Sunday, October 29, 2017

Vocabulary Exercise with Word Cards

It's the end of week 3, Unit 3 of the TESL Teaching In Practice - Reading and Vocabulary course through U of Manitoba Extended Education. This activity uses a Task-based lesson plan from Citizenship and Immigration Canada and is inspired by the discussion in the "Which Words are Worth the Worry?" video. The lesson plan is presented as a cloze exercise for myself and a small group of peers. We completed the exercise using a shared Google doc, but I do not yet have permission from the group members to share it here. 
The assignment here is to develop a vocabulary lesson based on the above lesson plan.
I would have the students do this vocabulary activity before playing the Nutrition Facts snap game in the lesson plan.


I would prepare word cards (like flash cards with the vocab word on one side and the definition on the other side) using the thirteen core nutrients list, plus some additional words needed to understand and play the Snap game (nutrition, healthy/unhealthy, serving size, calories, percent (%) daily value).
Sample Word Card, both sides visible. Actual card has vocabulary on one side, definition on the other.
Activity:

  • ·         Students would be in groups of 4 and each would get one word card. 
  • ·         Ss have three minutes to look at their word, study the definition, look up additional information (eg an example or source), ask T for clarification or pronunciation
  • ·         Ss take turns in their group to introduce and define their word to the group, discuss and answer questions, refine their explanation of the word (10 minutes)
  • ·         Ss present their word to the whole class using the refinements. (do healthy/unhealthy first and then T writes these as column headings on board)
  • ·         after each word is presented, the class will vote to place nutrition words in healthy or unhealthy column (include a little or a lot) (20-25 minutes)
  • ·         groups exchange cards so each S gets a new word.

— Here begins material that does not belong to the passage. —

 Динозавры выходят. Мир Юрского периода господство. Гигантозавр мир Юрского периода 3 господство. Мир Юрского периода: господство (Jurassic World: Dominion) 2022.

Ss take cards home to study and present at next class (repetition)

The lesson plan is meant to help students to read food labels and understand how numbers are used to indicate whether foods are healthy or unhealthy. However, there are a lot of multi-syllable word specific to nutrition in this exercise, so I believe it is important to make sure the students understand what these words mean. If students come from countries where there wasn't a lot of food choice or where their food was produced by themselves or obtained directly from producers, they will not have much experience with food labels or nutrition terms in their origin language.